**Dataset extract:**
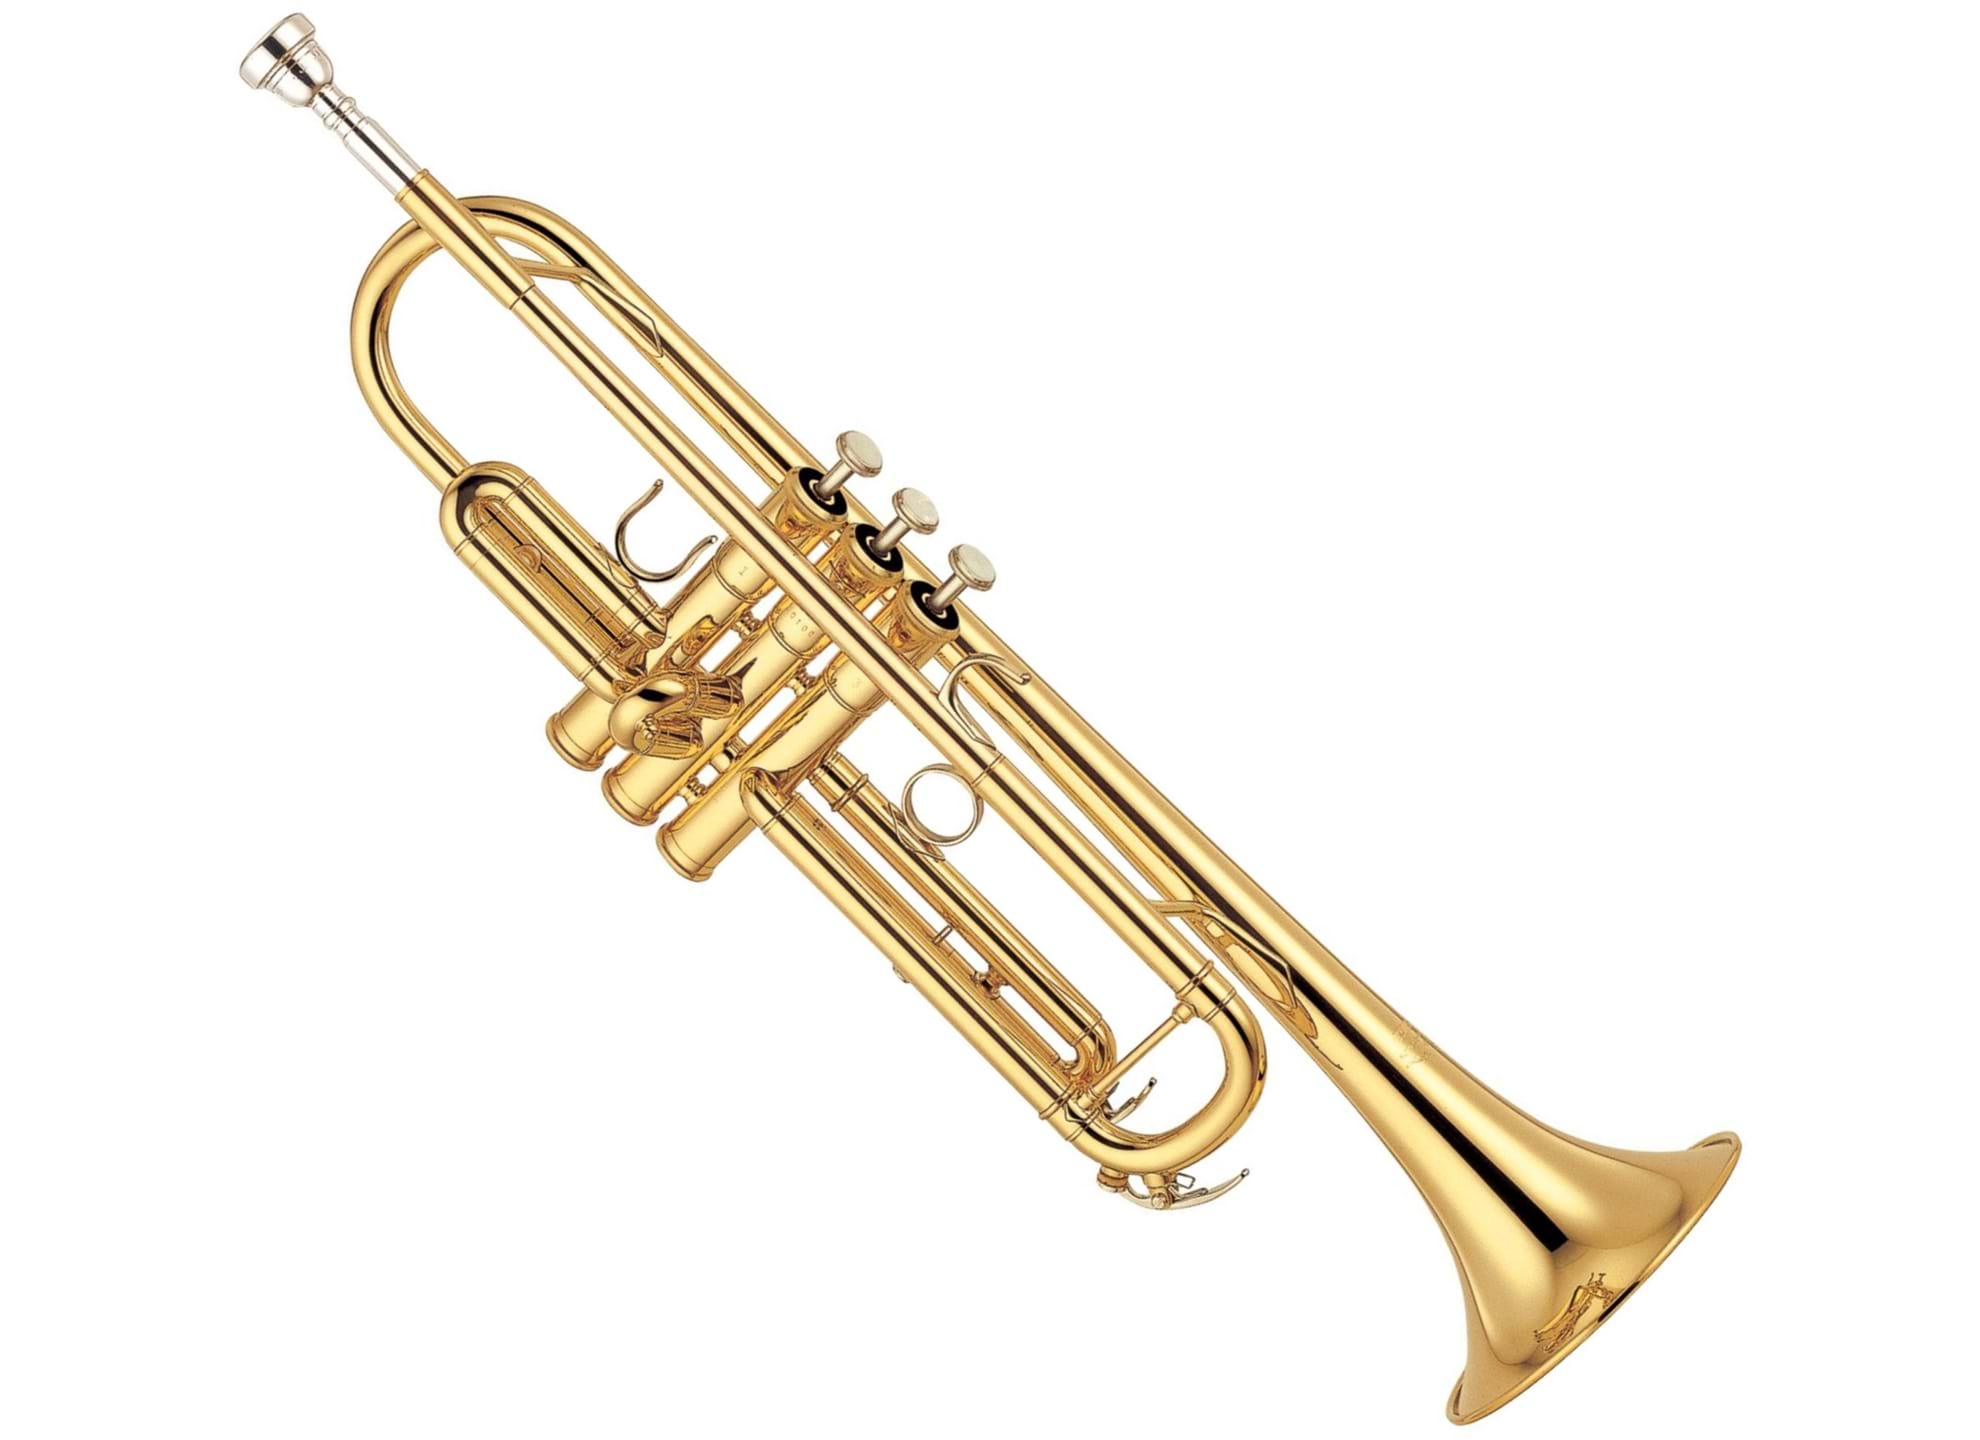 YTR-6335 Trumpet
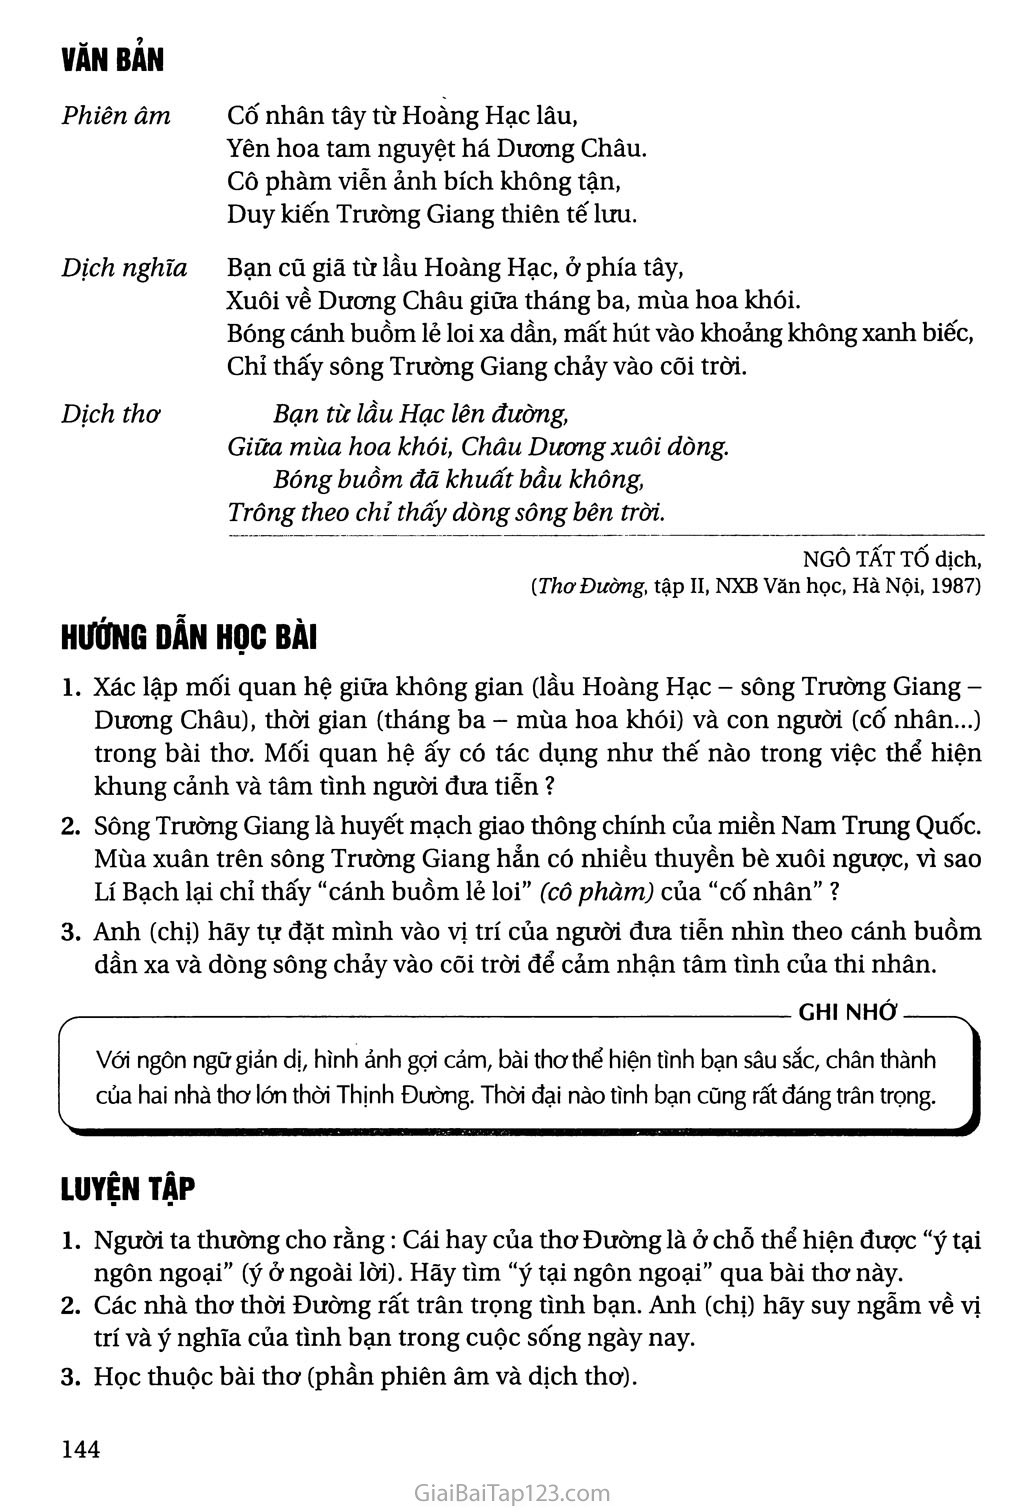 Tại lầu Hoàng Hạc tiễn Mạnh Hạo Nhiên đi Quảng Lăng (Hoàng Hạc lâu tống Mạnh Hạo Nhiên chi Quảng Lăng) trang 2
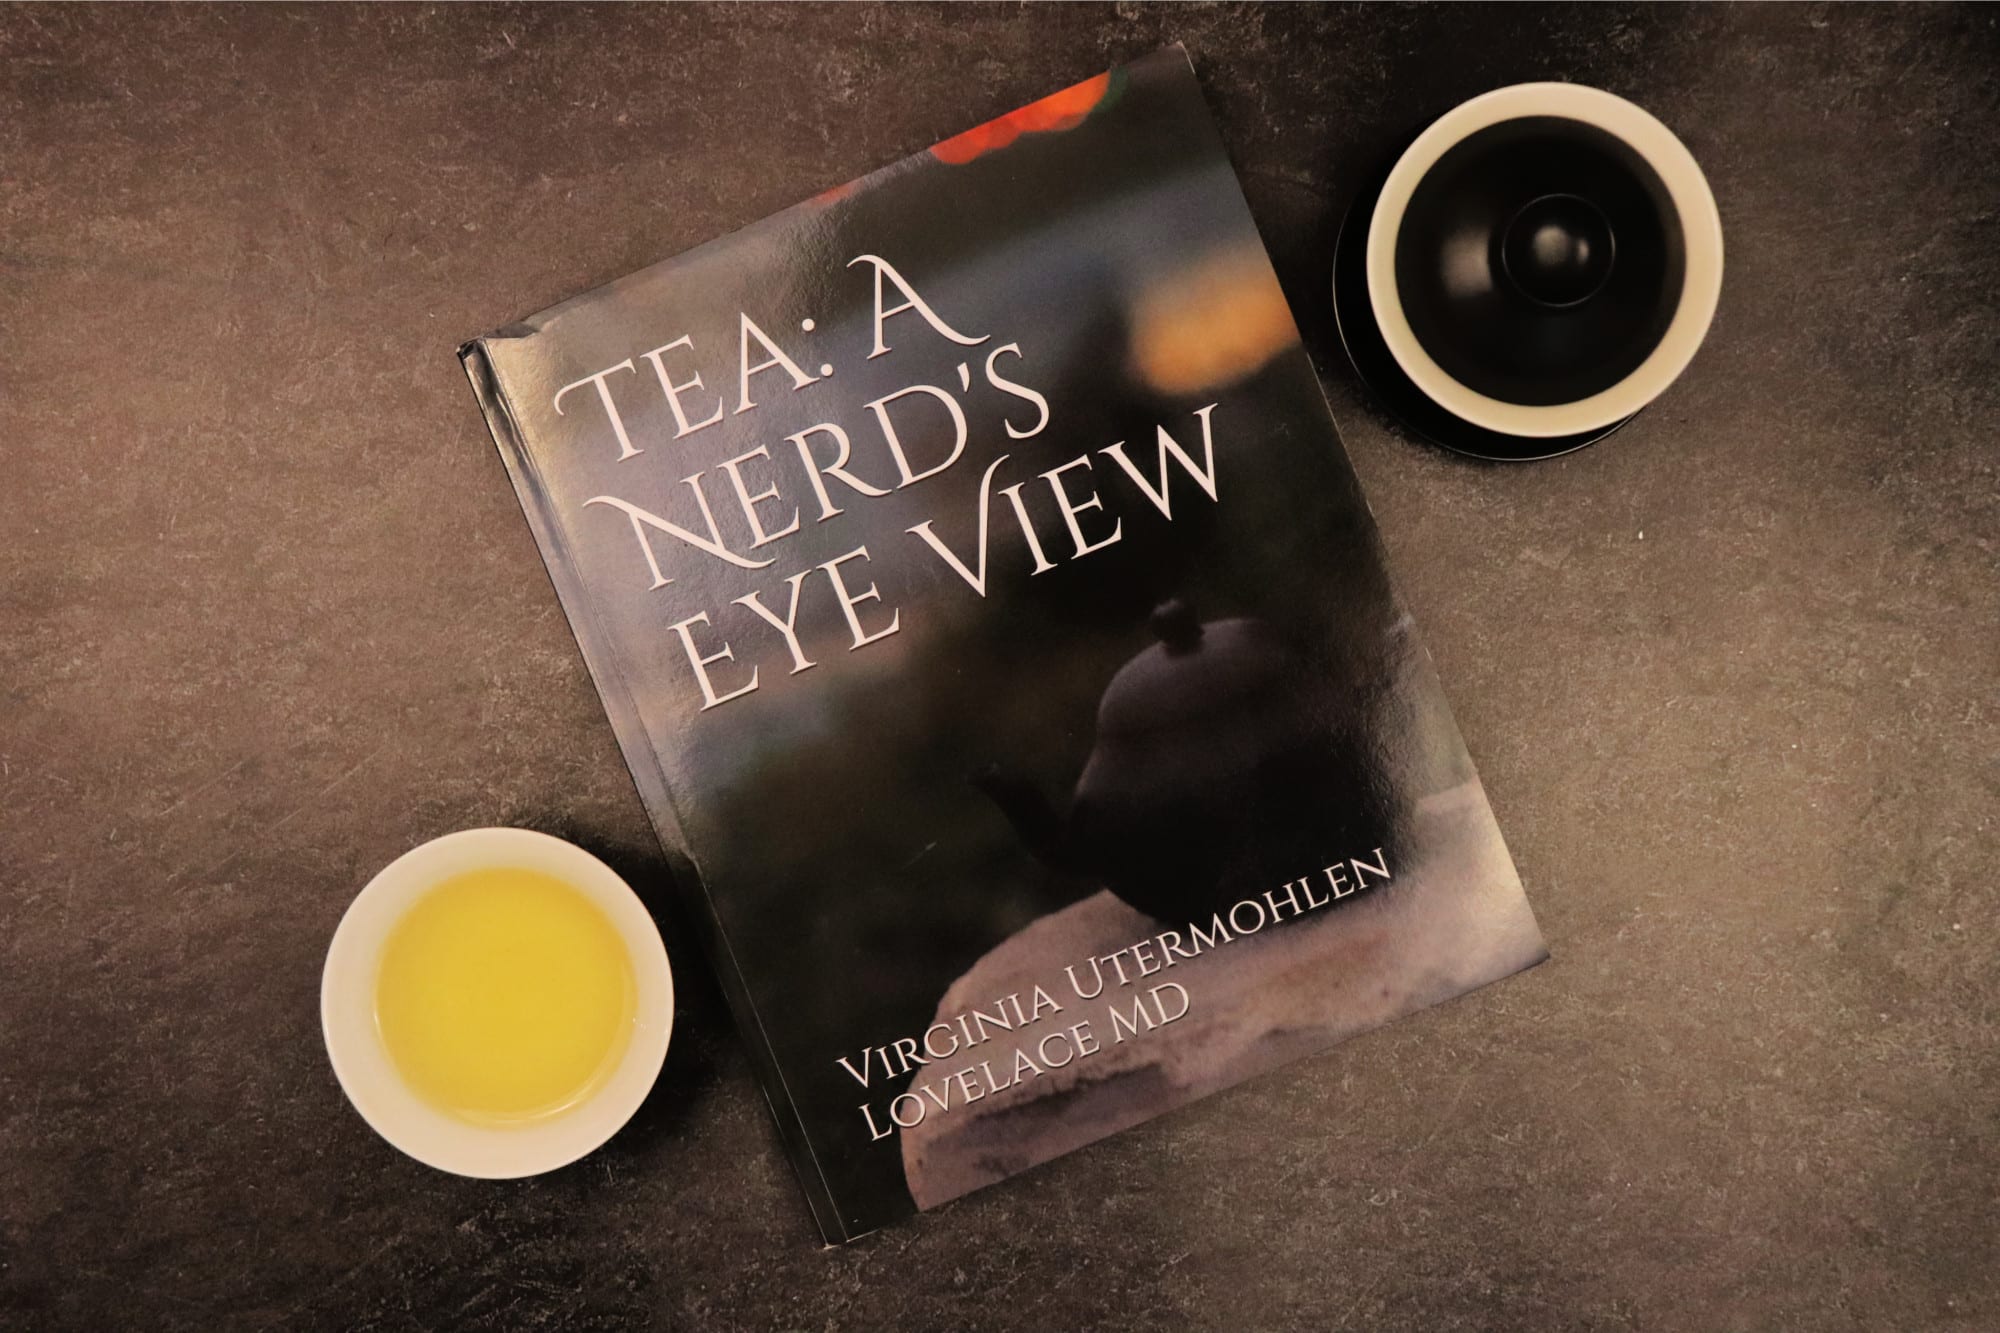 Tea: A Nerd’s Eye View by Virginia Utermohlen Lovelace MD
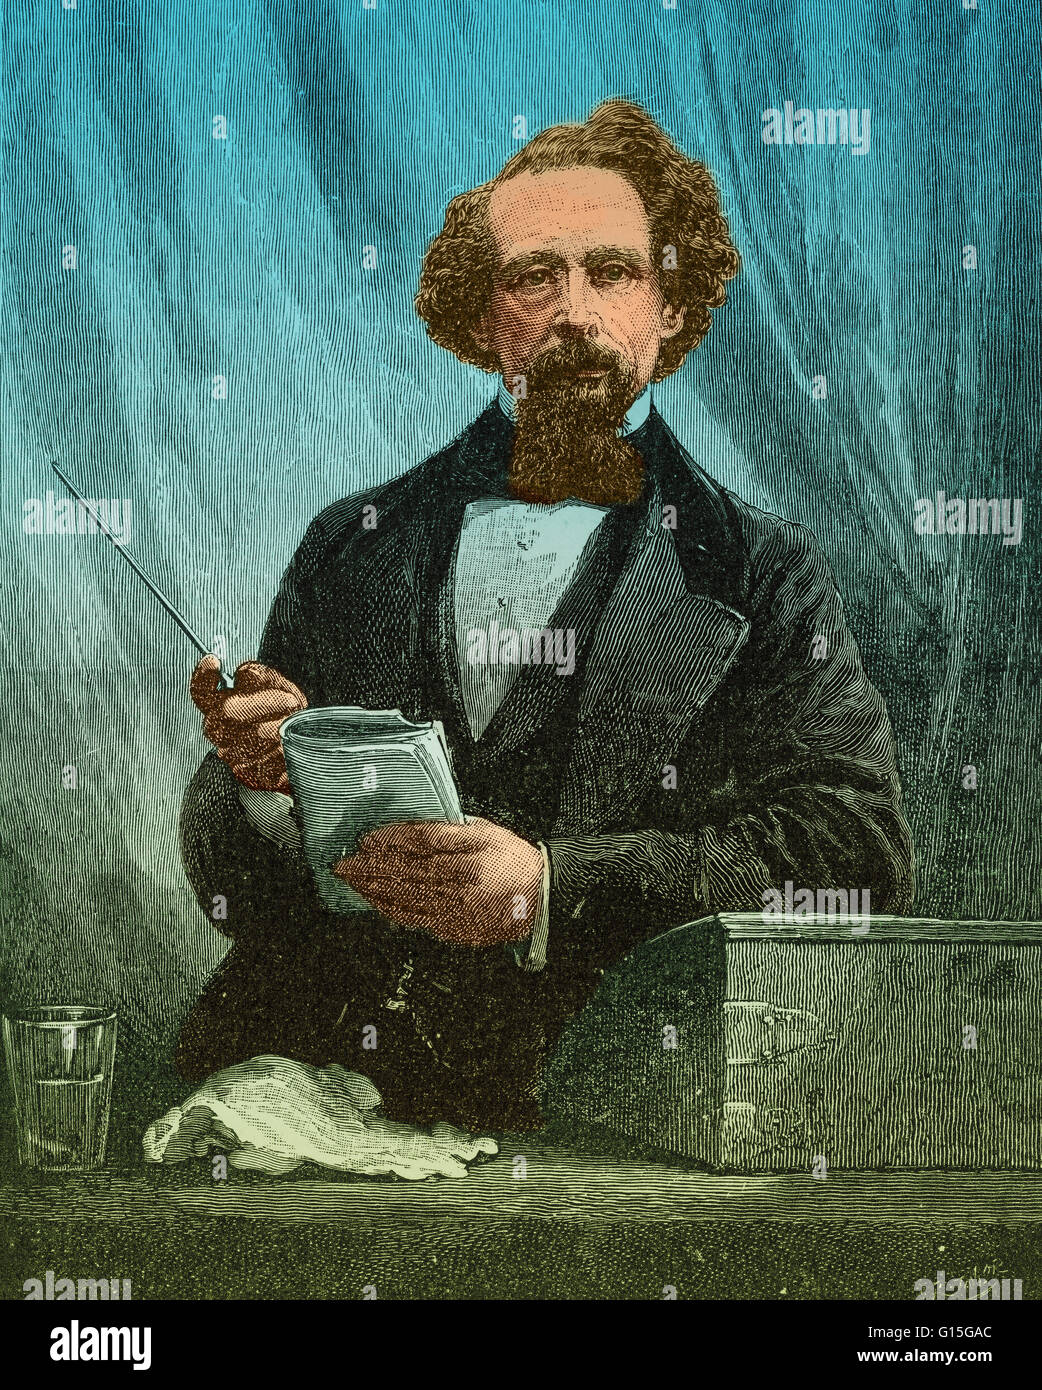 Charles John Huffam Dickens (7. Februar 1812 - 9. Juni 1870) war ein englischer Schriftsteller und Gesellschaftskritiker. Er schuf einige der denkwürdigsten fiktive Charaktere der Welt und gilt als der größte Schriftsteller der viktorianischen Zeit. Während Hallo Stockfoto

**Exercise objective:** Give back exactly the lines from the opening of the listing through the line holding "Tea: A Nerd’s", both ends included, with every picture omitted.

**Result of the task:**
 YTR-6335 Trumpet
 Tại lầu Hoàng Hạc tiễn Mạnh Hạo Nhiên đi Quảng Lăng (Hoàng Hạc lâu tống Mạnh Hạo Nhiên chi Quảng Lăng) trang 2
 Tea: A Nerd’s Eye View by Virginia Utermohlen Lovelace MD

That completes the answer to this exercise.